Mais l'harmonie sectorielle en cours encourage-t-elle l'abus? Prenons comme exemple Metro, dont le niveau de profitabilité est deux fois plus élevé que ses compétiteurs. Entre 2013 et 2015, le chiffre d'affaires de Metro a augmenté de 7 % tandis que ses profits diminuaient de 26 %. Sa marge bénéficiaire est d'à peine 4 %, pratiquement le double de Loblaw et Sobeys. Si on compare ses résultats avec ceux des pétrolières, ou même du secteur pharmaceutique, ils ne sont guère impressionnants.

Bien qu'il semble difficile de le croire, la saine gestion qui prévaut dans le secteur a permis aux consommateurs d'éviter un scénario plus catastrophique. Pendant que la facture d'épicerie augmente en moyenne de 7 % à 8 %, les distributeurs investissent et concentrent leurs efforts à l'amélioration de leur gestion des coûts. L'objectif dérisoire d'offrir le meilleur prix a tranquillement cédé sa place à une offre relevée, hétérogène, à l'écoute des besoins contemporains des consommateurs plus informés. Bien sûr, le secteur vit de très bons moments et 2016 risque d'être une autre très bonne année, mais les marges augmenteront à peine en raison de forces démographiques défavorables à une plus forte croissance des revenus. De plus, l'arrivée d'un nouveau joueur sur le marché canadien d'ici deux ans est plus que probable et chacun devra défendre ses parts de marché, ce qui maintiendra les prix à la baisse pour un certain temps.
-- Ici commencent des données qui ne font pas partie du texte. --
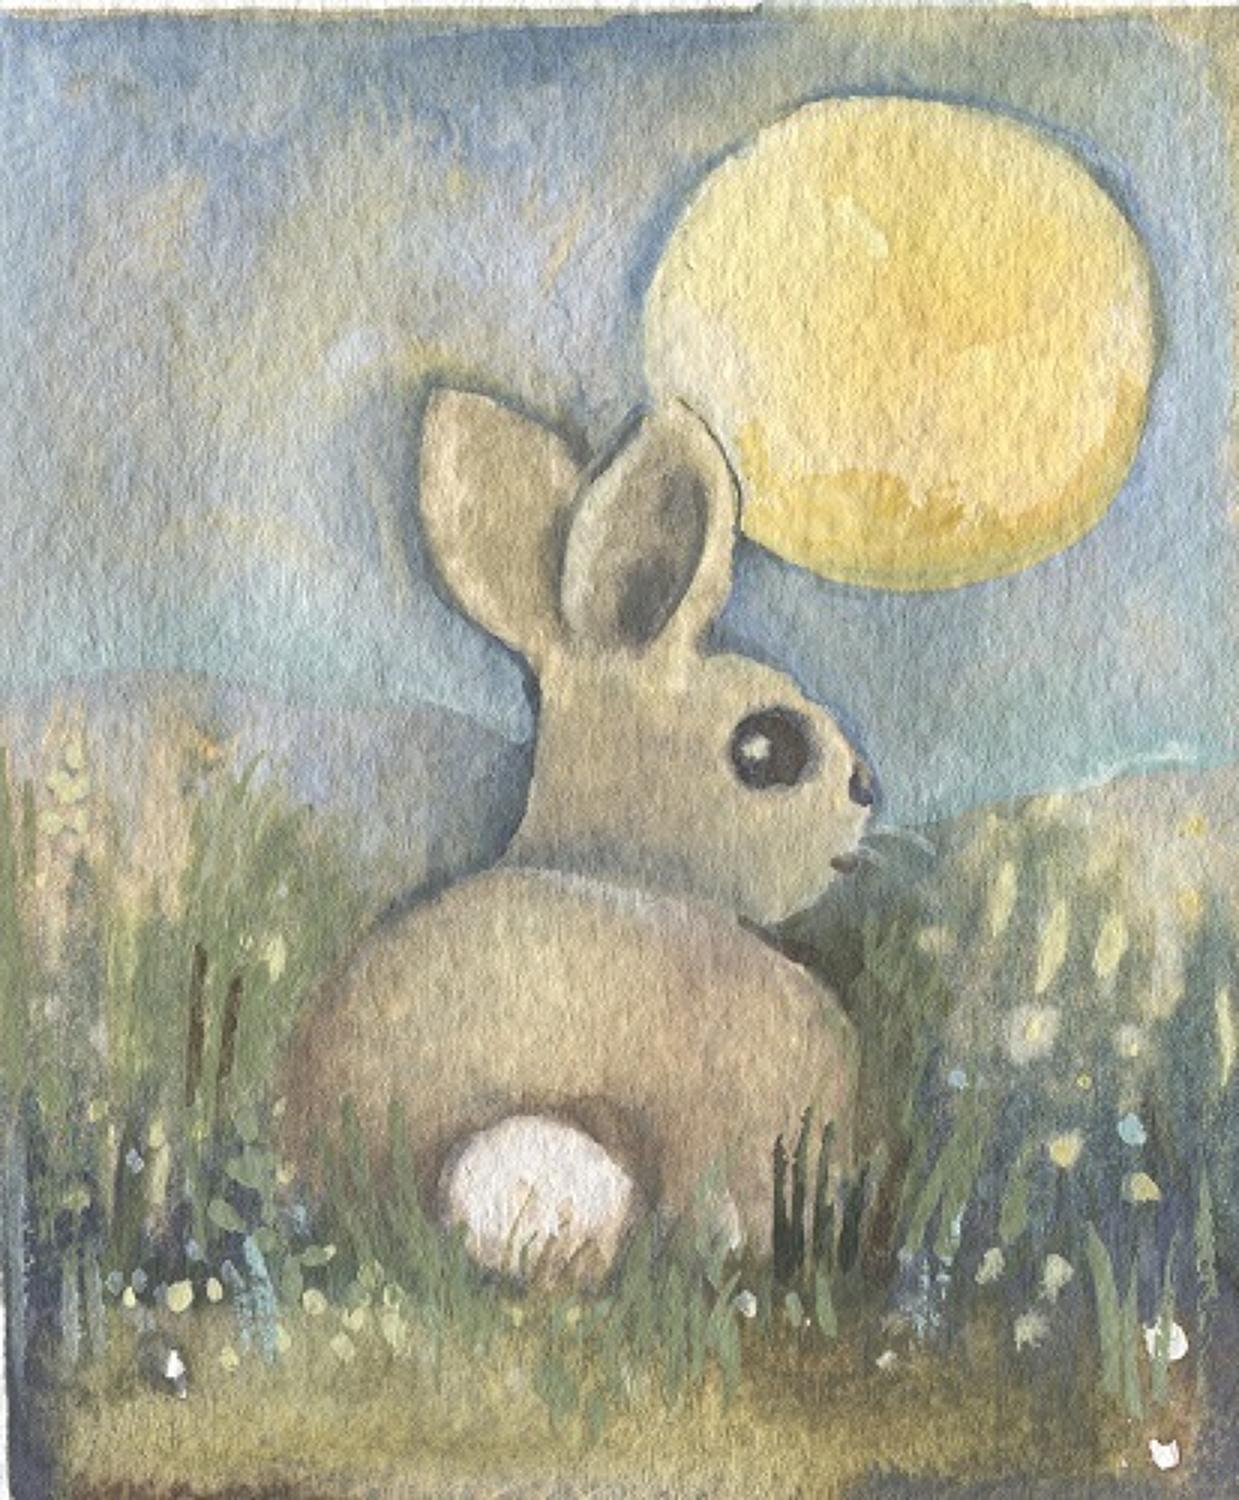 Baby rabbit in moonlight

Tout compte fait, le secteur est mieux géré qu'il y a 10, voire cinq ans. Plusieurs variables systémiques, comme les fluctuations monétaires, les coûts énergiques et les changements climatiques, ne peuvent être contrôlées par la gestion. Le cumul des années où le taux d'inflation alimentaire outrepassait le taux d'inflation général semble nous rattraper. Les salaires ne suivent tout simplement pas, forçant ainsi plusieurs personnes à faire des compromis budgétaires.

Malgré les hausses récentes, les ménages canadiens dépensent à peine 9,3 % de leur budget en alimentation. Seuls les consommateurs aux États-Unis, à Singapour, en Angleterre et en Suisse consacrent moins en alimentation. Certes, les Canadiens éprouvent un choc ces jours-ci, mais d'autres régions du monde ont déjà vu pire.